Every clinical assessment should begin by taking a detailed history, including all concerns of the parents, developmental history emphasizing the overall level of development, and medical history. The clinician must identify any points that may be relevant to differential diagnosis. By carefully taking the family history, the examiner should gather information on a range of factors (autism, mild autism traits, intellectual disability, fragile X, tuberous sclerosis) in the nuclear and extended family, as these may indicate the need for chromosomal or genetic testing. Careful observation of the individual's behavior in different settings, both structured and less structured, is required. Examiners must be available to directly observe the individual or view a video recorded at home or in other places they attend (e.g., daycare, school, work).

The assessment should be conducted by a multidisciplinary team with extensive experience in autism and developmental disorders, using internationally validated assessment tools (questionnaires, interviews, observation scales), such as the Autism Diagnostic Interview (ADI), Autism Diagnostic Observation Scales (ADOS), Vineland Adaptive Behavior Scales (VABS), Childhood Autism Rating Scale (CARS), Diagnostic Interview for Social and Communicative Disorders (DISCO), and Behavioral Summarized Evaluation (BSE).

Every child should undergo a comprehensive medical examination, including assessment of visual and auditory acuity, as well as pediatric and neurological examination. To date, there is no laboratory test specifically for autism spectrum disorders. Genetic testing will ultimately be carried out if specific findings are identified during clinical assessment or family history.
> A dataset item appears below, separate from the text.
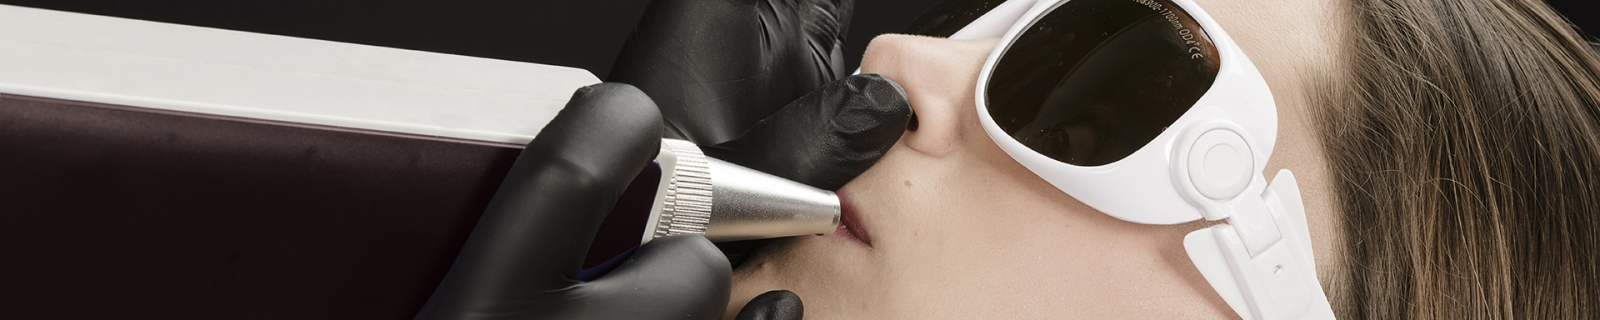 laserowe usuwanie makijażu tatuażu i makijażu permanentnego

The clinical and developmental profile should be completed with a series of psychological and language tests, using appropriate evaluation tools (Psycho-Educational Profile (PEP), and standardized neuropsychological tests such as the Leiter, recent WISC, Reynell, Lowee & Costell's Symbolic Play Test, Peabody Picture Vocabulary Test (PPVT), and others).

It must be emphasized again that the diagnosis of autism should be made solely based on an extensive clinical assessment and should be entirely based on internationally accepted criteria for three serious reasons:

1. To ensure access to appropriate support services and/or to create such services where they are limited or do not exist.
2. To make existing research comparable both in terms of clinical issues and particularly in terms of the effectiveness of the services and treatments provided, which is of great necessity.
3. Every child, whether diagnosed with autism or not, is entitled to the education that meets their specific needs. Loose diagnostic procedures could result in children with autism being excluded from provisions specifically designed for them. It could also encourage the inclusion of individuals with other conditions (such as conduct disorders or learning difficulties), which are not within the autism spectrum. Consequently, these children would not receive the specialized education they deserve while also using the already limited provisions intended for individuals with autism.